Samsung Research, the R&D hub of Samsung Electronics, has come up trumps in two of the world's top AI machine reading comprehension competitions, the firm announced yesterday.

The competitions, Microsoft MAchine Reading COmprehension (MS MARCO) and TriviaQA, feature contestants from distinguished universities and leading AI firms, including SQuAD of Stanford University and NarrativeQA of DeepMind. They test AI algorithms' natural language processing capabilities for analysing human Q&As and text in different types of documents.

Run by the University of Washington, TriviaQA contains over 650K question-answer-evidence pairs. Meanwhile, in Microsoft's test, ten documents were given to the algorithm along with a query, with the AI being challenged to generate an 'optimum answer' to the query based on the information provided. The queries were selected at random from Bing users, and answers were statistically evaluated against human answers. The test is designed to apply an algorithm to real-world problems.

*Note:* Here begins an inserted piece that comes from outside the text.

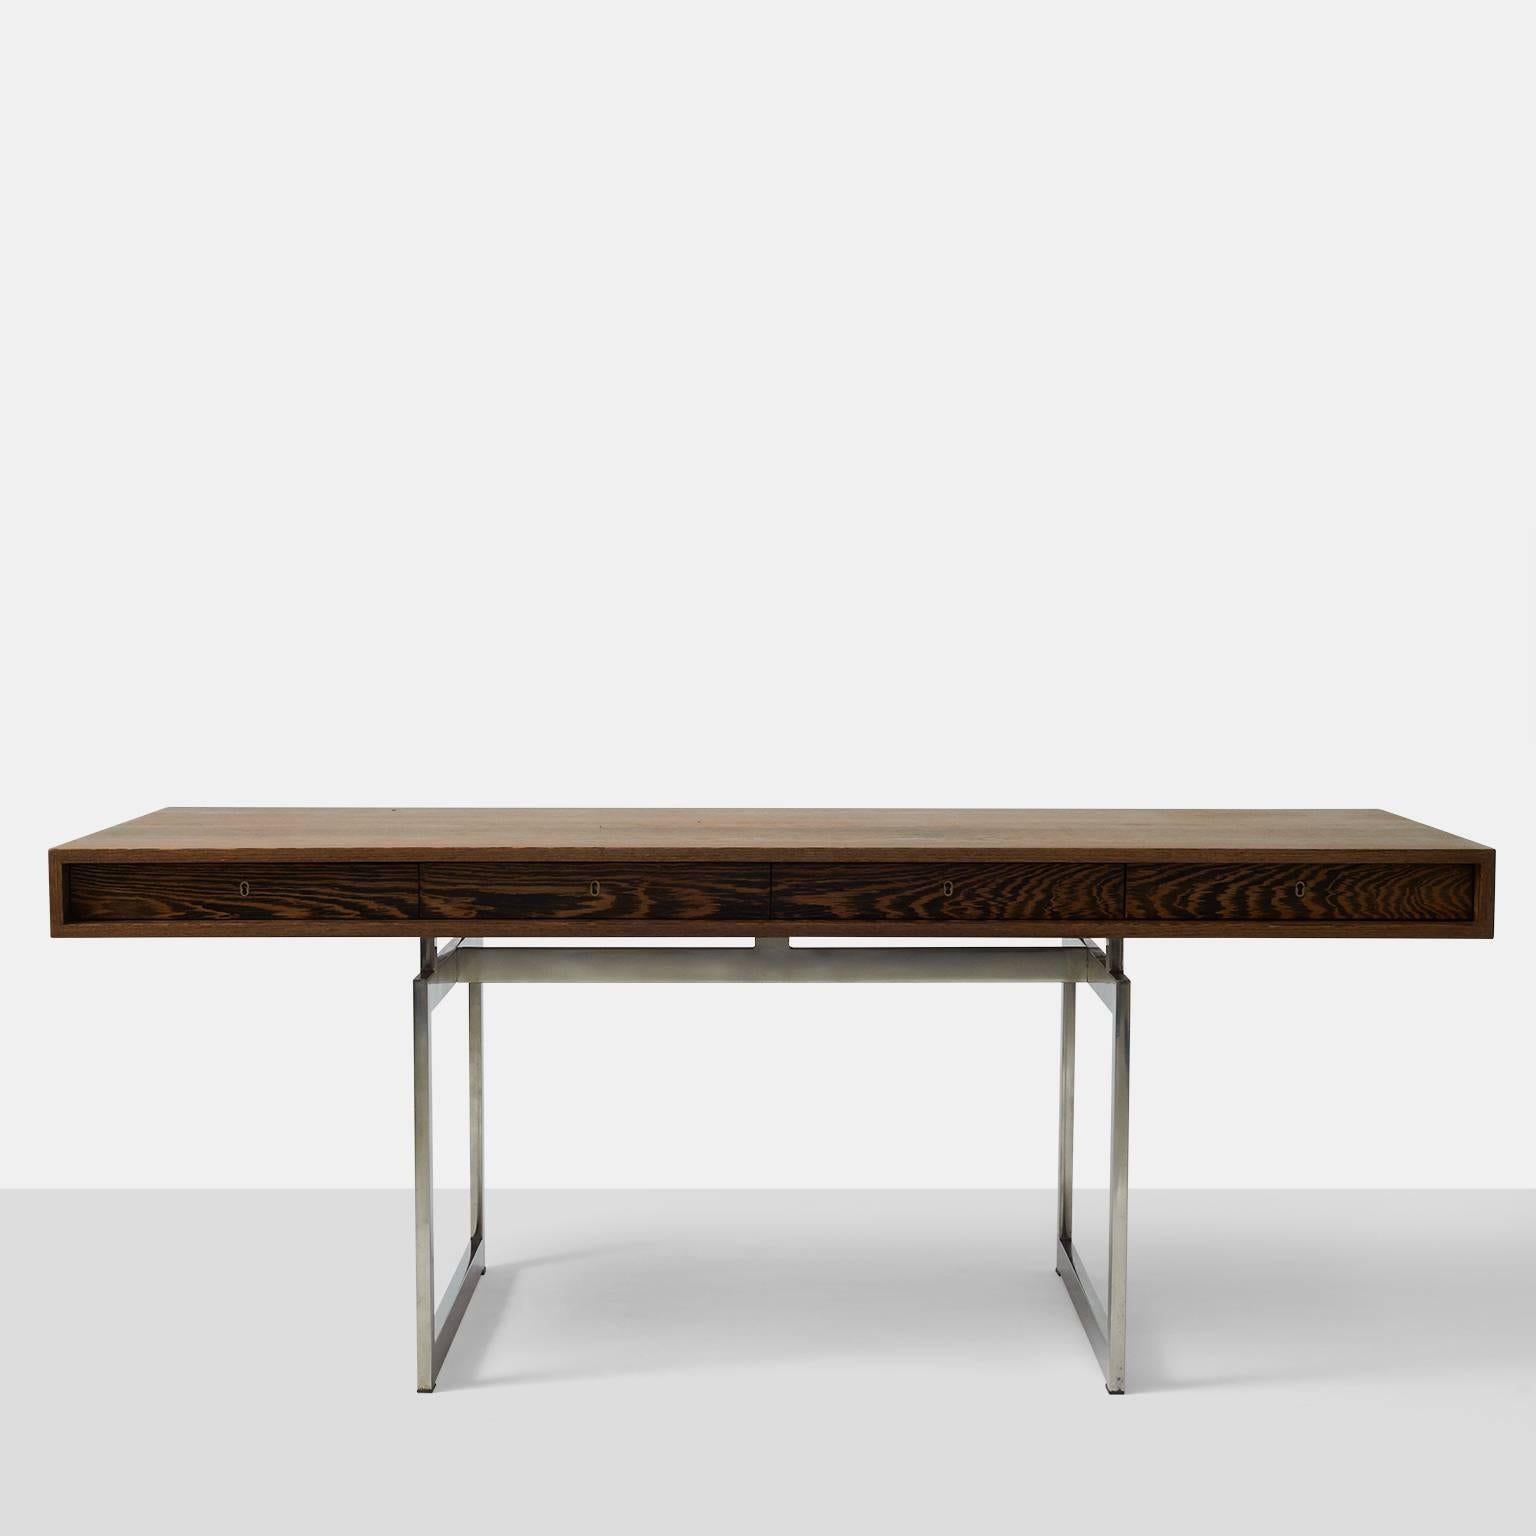 A rare and early Bodil Kjaer desk in wenge by E. Pederson & Sons. The desk has four drawers with a chrome and brass key. Polished chrome-plated steel frame. Signed with applied manufacturer's label.

Samsung Research entered the competition with ConZNet, an algorithm that has been developed out of the company's AI center. ConZNet utilises the Reinforcement Learning technique, which deploys a 'carrot-and-stick' strategy in the learning process by providing reasonable feedback for the outcomes.

"We are developing an AI algorithm to provide answers to user queries in a simpler and more convenient manner, for real life purposes," said Jihie Kim, Head of Language Understanding Lab at Samsung Research. "Active discussion is underway in Samsung to adopt the ConZNet AI algorithm for products, services, customer response, and technological development."

Contests are an increasingly integral aspect of the global race to develop AI technologies, particularly in the areas of machine vision. The Beijing-based wing of Samsung Research won the International Conference on Document Analysis and Recognition (ICDAR) hosted by the International Association of Pattern Recognition (IAPR) in March, putting them in a top-tier group for global computer vision tests. The ICDAR is the most influential competition in Optical Character Recognition (OCR) technologies.